Is there something more I need? Thanks!

scart97 · June 16, 2020, 10:47pm

This error is happening because you are trying to batch spectrograms with different length. You are already crop/padding the signals to a fixed size before transforming them, so they probably have different sampling rates to cause this problem. Try to add only the Resample transform at your item_tfms, and it needs to be the first thing to happen. So,

tfms = [Resample(8000), crop_1000ms, a2s]

Where 8000 is the new sampling rate. This choice depends on what is present in the audio files.

scart97 · June 16, 2020, 10:49pm

For pure voice audio, 8 khz (8000) should be enough, but if you have other sources of sound besides voice you may want to use 16 khz (16000) or even 44.1 khz (441000). Those rates are directly related to the highest frequency present in your audio and the Nyquist theorem.

muellerzr · June 17, 2020, 12:02am

That fixed the error right away! Thank you so much @scart97

scart97 · June 17, 2020, 4:00am

@rbracco What if we change the AudioBlock to always include Resample and optionally DownmixMono and CropSignal ? That would help fixing the majority of problems users have when loading data.
The new signature would be:

def AudioBlock(sample_rate=16000, force_mono=True, crop_signal_to=None, cls=AudioTensor)

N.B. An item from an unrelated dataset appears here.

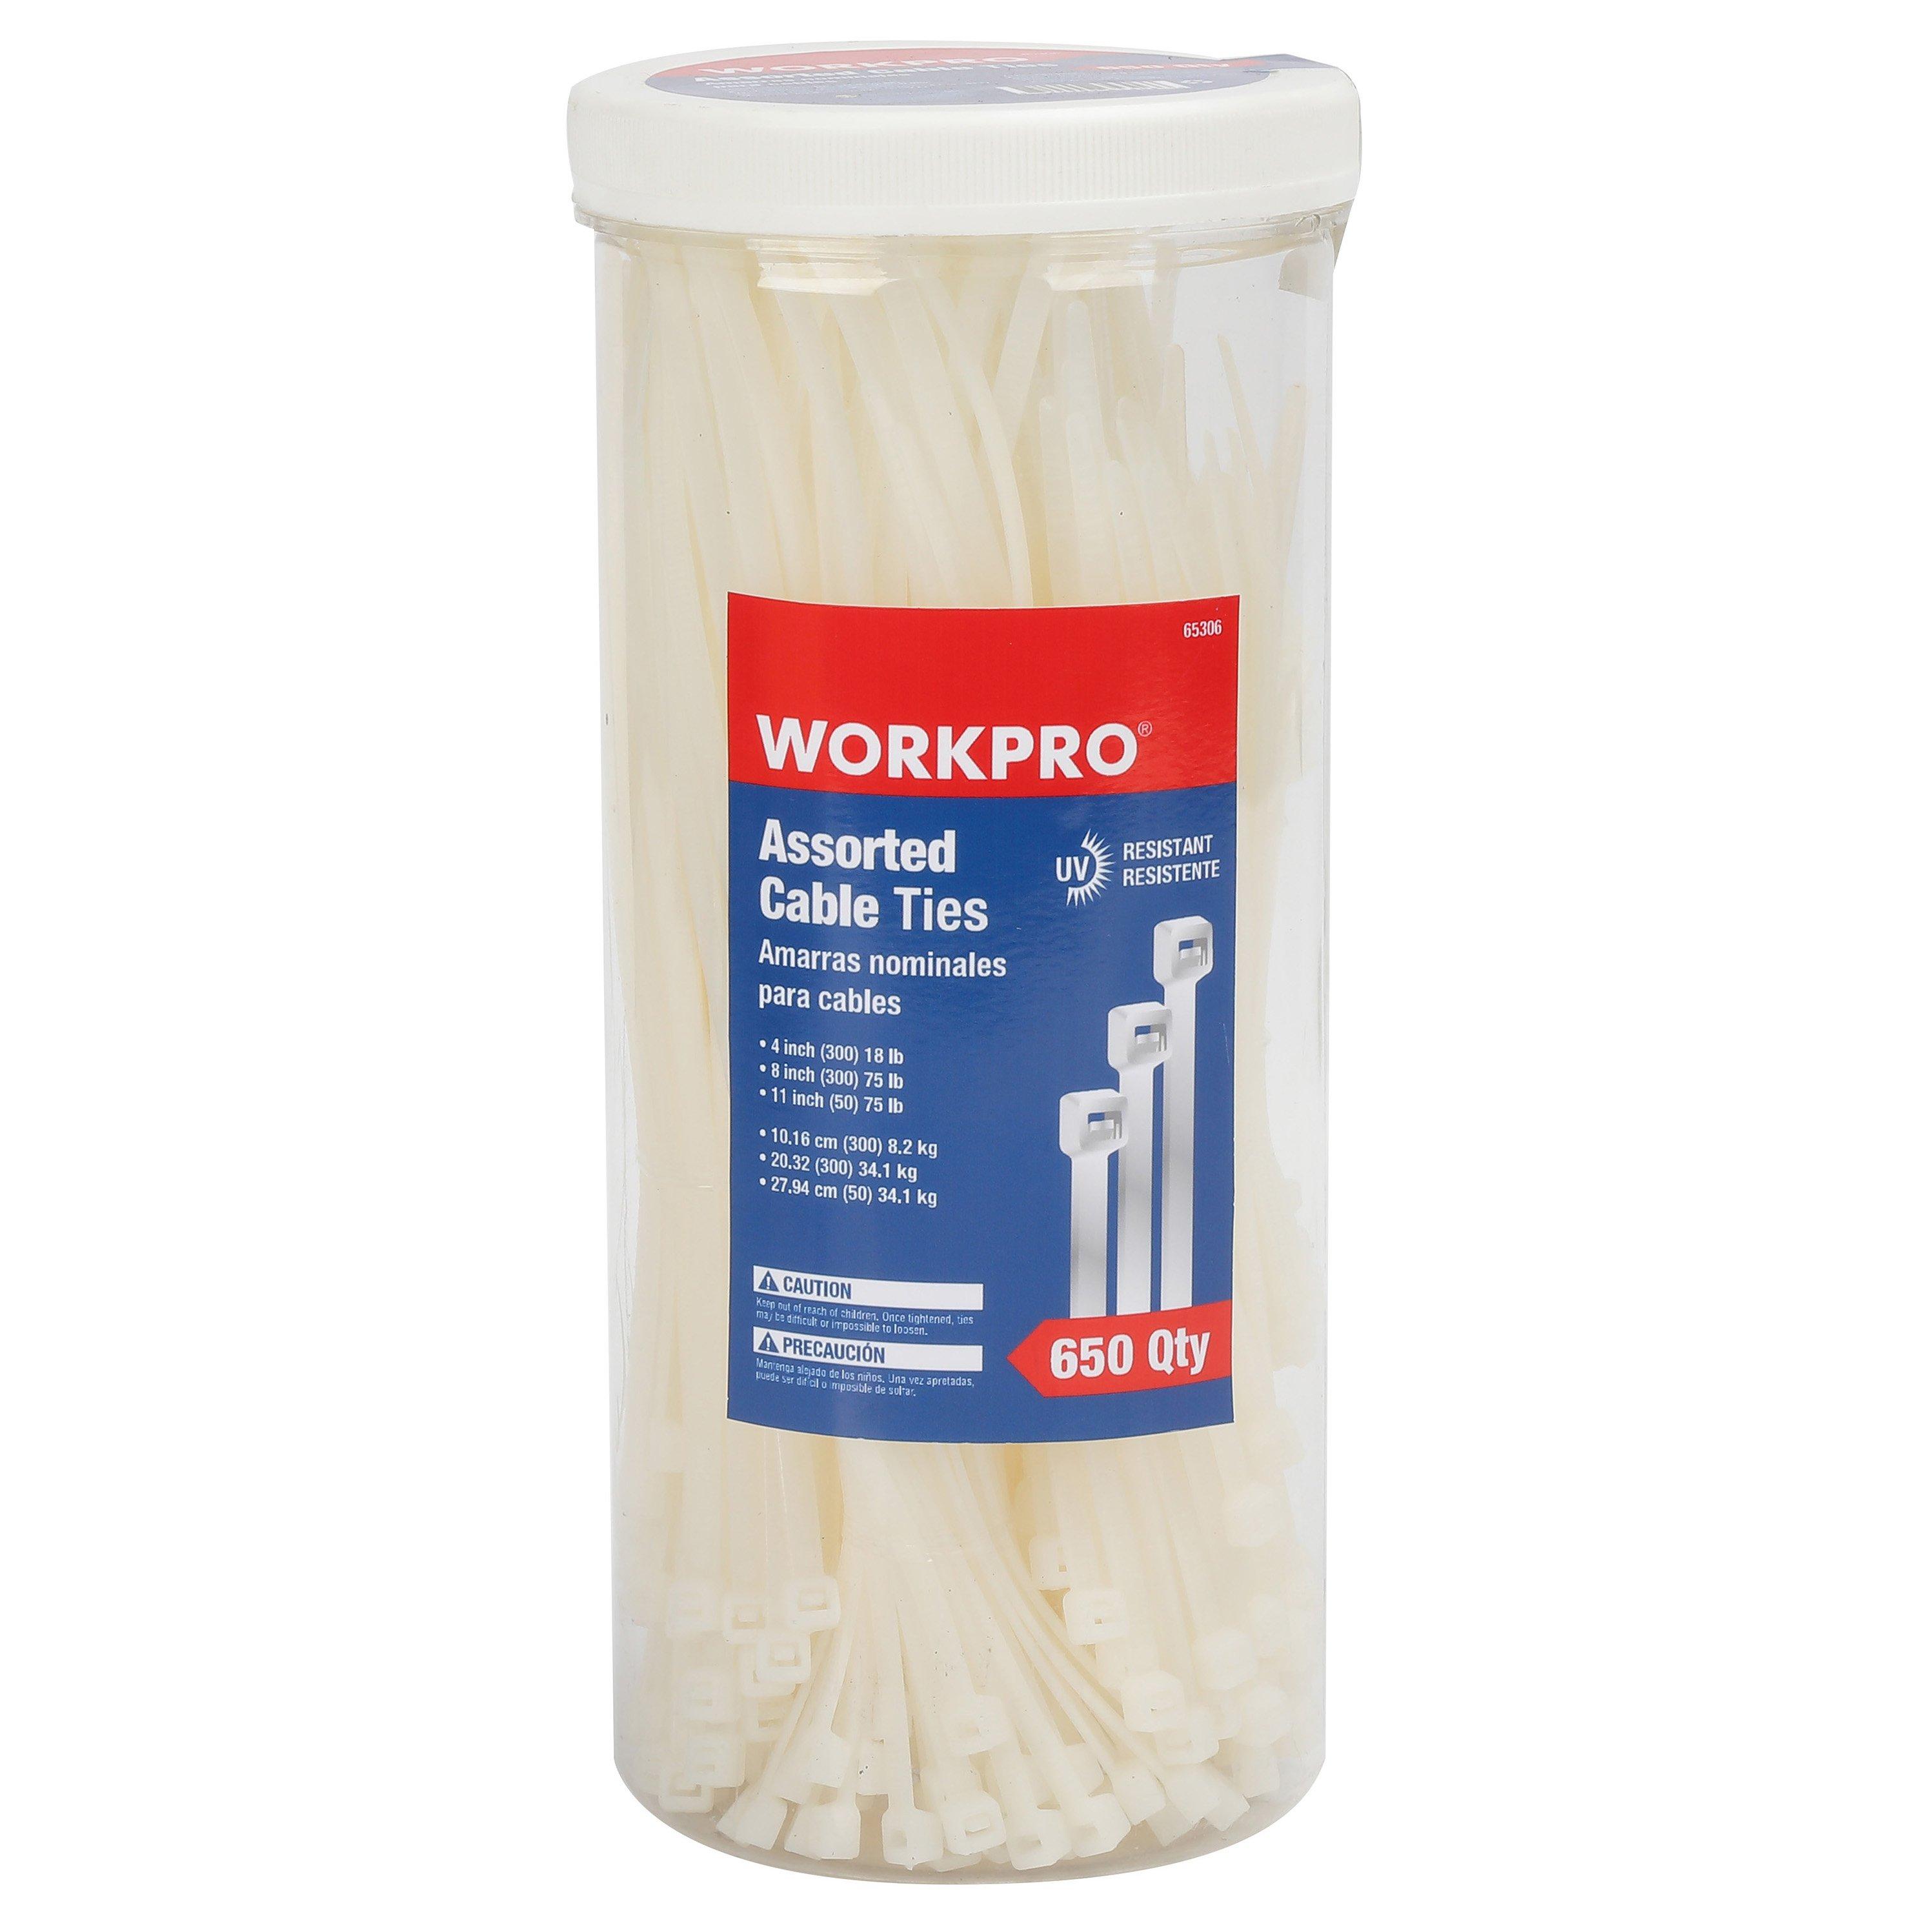 Work Pro Assorted Cable Ties

MadeUpMasters · June 18, 2020, 2:12pm

Hey, as mentioned in the PR I think it’s too much of a time bottleneck. I think possible alternatives are

Getting resampling working on the GPU might be fast enough
Caching results using some new caching system
Giving user a function that preprocesses (resample, remove silence…etc) and outputs to a new folder and that is the starting point for the ML pipeline (similar to caching, there may be a good way to do this within fastai2 as well)